HOW TO COMPLETE THIS TASK:
Every line in the records below between the one holding "Traditionelles Männerhaus aus" and the one holding "Audemars Piguet White", inclusive, is to be set down exactly; all other lines are to be left out.

MATERIAL FOR THIS EXERCISE:
______
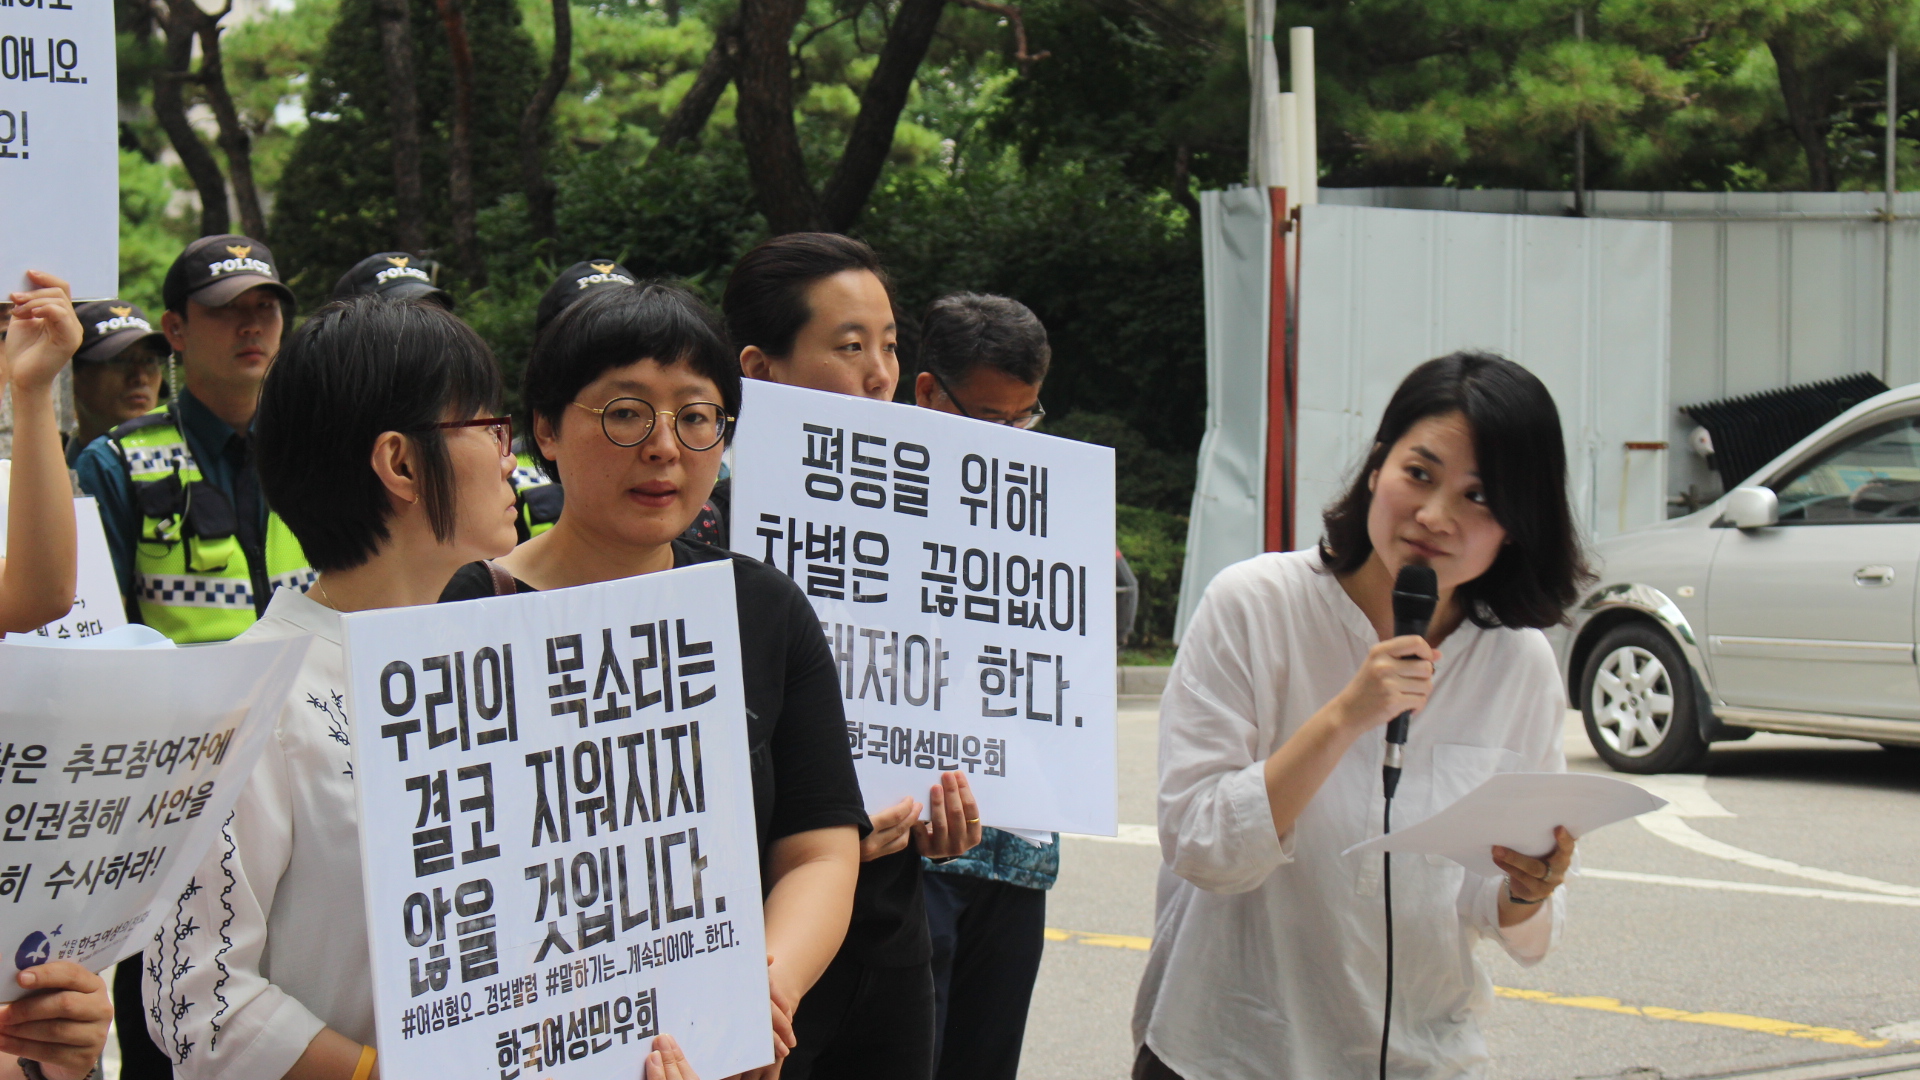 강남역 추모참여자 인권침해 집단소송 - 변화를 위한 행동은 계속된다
______
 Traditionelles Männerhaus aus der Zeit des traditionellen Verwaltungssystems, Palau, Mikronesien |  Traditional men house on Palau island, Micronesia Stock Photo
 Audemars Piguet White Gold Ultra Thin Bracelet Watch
______
YOUR RESPONSE:
 Traditionelles Männerhaus aus der Zeit des traditionellen Verwaltungssystems, Palau, Mikronesien |  Traditional men house on Palau island, Micronesia Stock Photo
 Audemars Piguet White Gold Ultra Thin Bracelet Watch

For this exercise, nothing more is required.